Os rejeitos radiativos, procedentes de equipamentos médicos e de certas aplicações industriais, têm legislação específica e não são tratados na lei que institui a PNRS. Segundo a Comissão Nacional de Energia Nuclear (CNEN), todas as cerca de 3,5 mil instalações médicas, industriais e de pesquisa que utilizam materiais radiativos e fontes de radiação – das quais aproximadamente 2 mil estão em operação – são fiscalizadas, com exceção daquelas que usam aparelhos de raios X para fins de diagnóstico, como consultórios de dentistas.
A fiscalização é realizada pela própria CNEN, que tem em seu banco de dados um inventário com cerca de 50 mil fontes radiativas ou equipamentos geradores de radiação. Para que uma instalação obtenha licença para utilizar esses materiais e dispositivos, deve antes apresentar à CNEN um Plano de Proteção Radiológica, que inclui todas as medidas de segurança que devem ser adotadas, inclusive as que dizem respeito ao gerenciamento de rejeitos.

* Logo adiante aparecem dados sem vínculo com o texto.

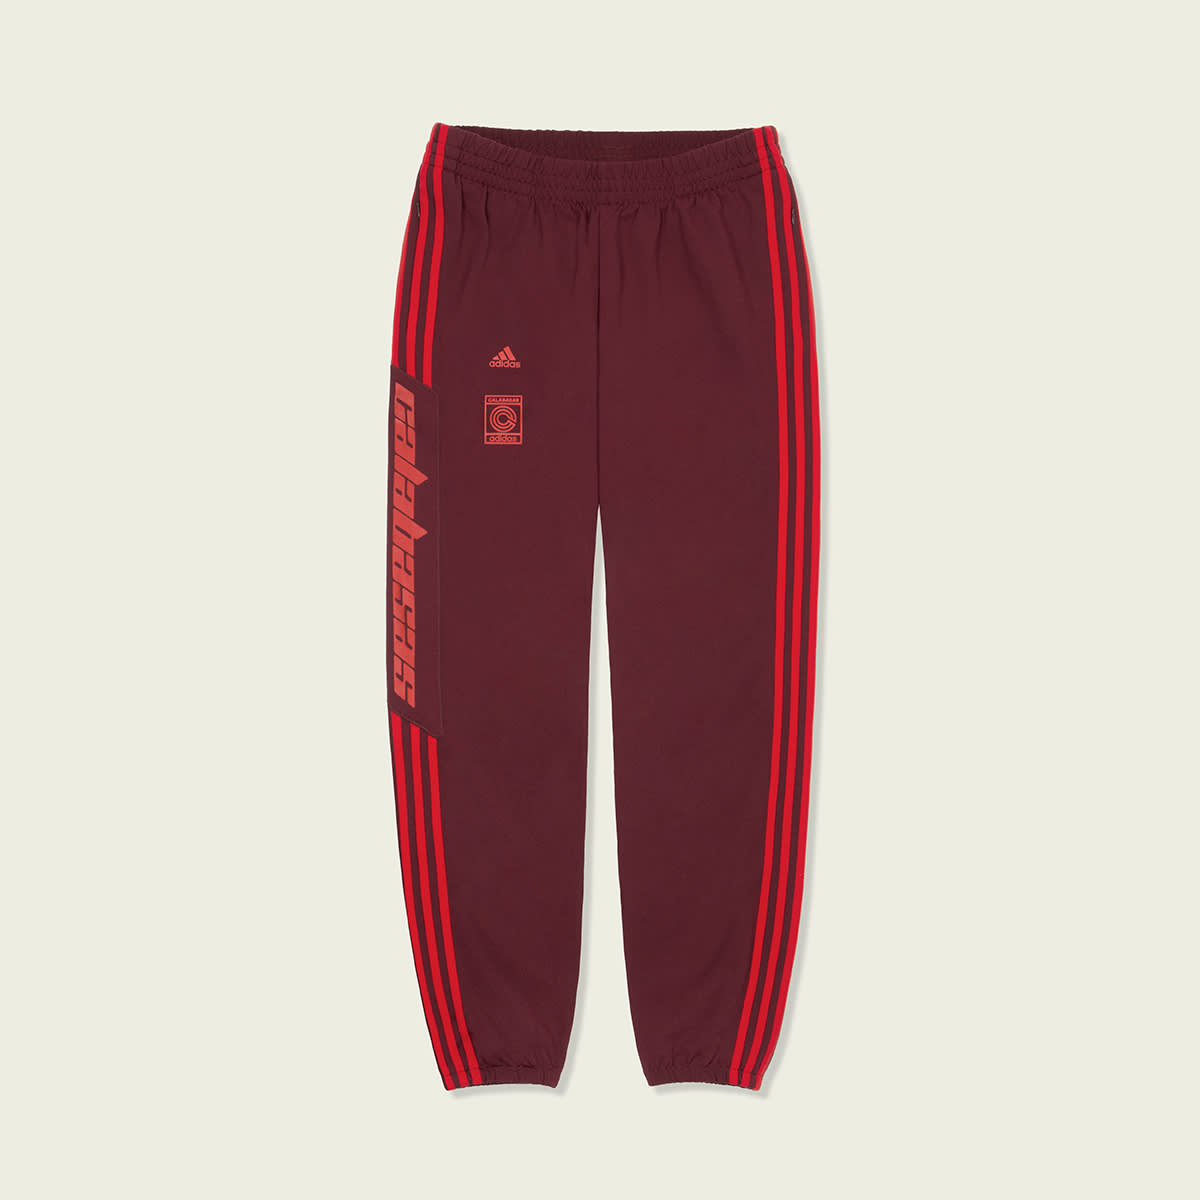 Yeezy Calabasas Track Pant - Register Now on END. Launches | END.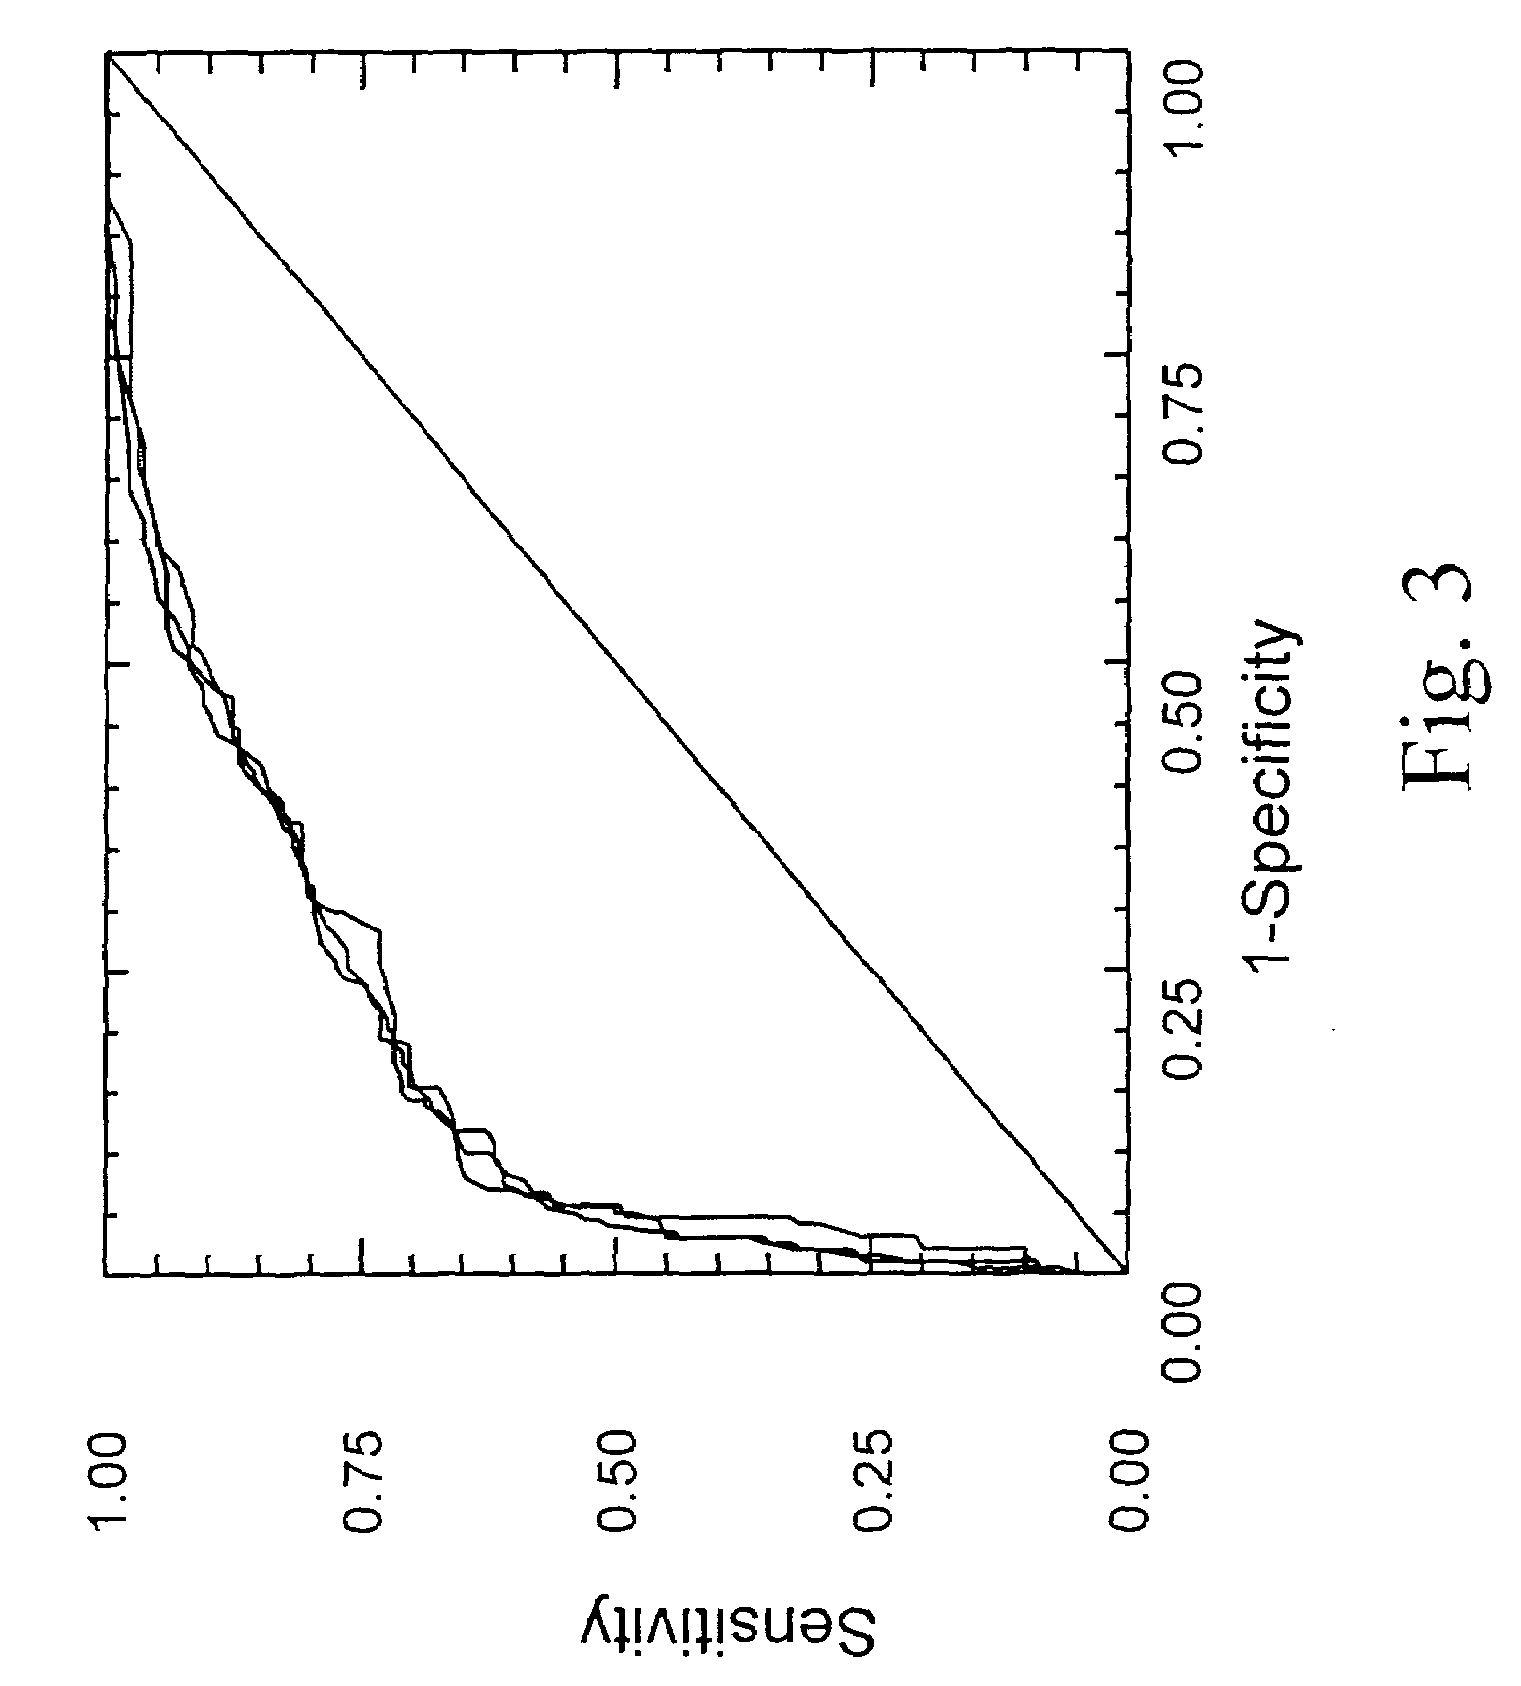 Diagnosis method of inflammatory, fibrotic or cancerous disease using biochemical markers

Com o passar do tempo, a atividade das fontes de radiação diminui. Quando essa redução é tal que inviabiliza seu uso, elas podem ser recolhidas a um instituto do CNEN, que conta com depósitos especiais de rejeitos, re-exportadas para o país de origem ou ainda ter outra destinação, caso sua atividade se torne equivalente à radiação natural, deixando de apresentar risco. É o caso, por exemplo, das substâncias usadas para diagnóstico em medicina nuclear, que emitem radiação por um período de tempo muito reduzido e depois ficam estáveis, podendo ser descartadas como rejeito hospitalar. O limite estabelecido nas normas nacionais, seguindo as recomendações da Agência Internacional de Energia Atômica para a liberação de rejeitos sólidos, é de 74 becqueréis por grama.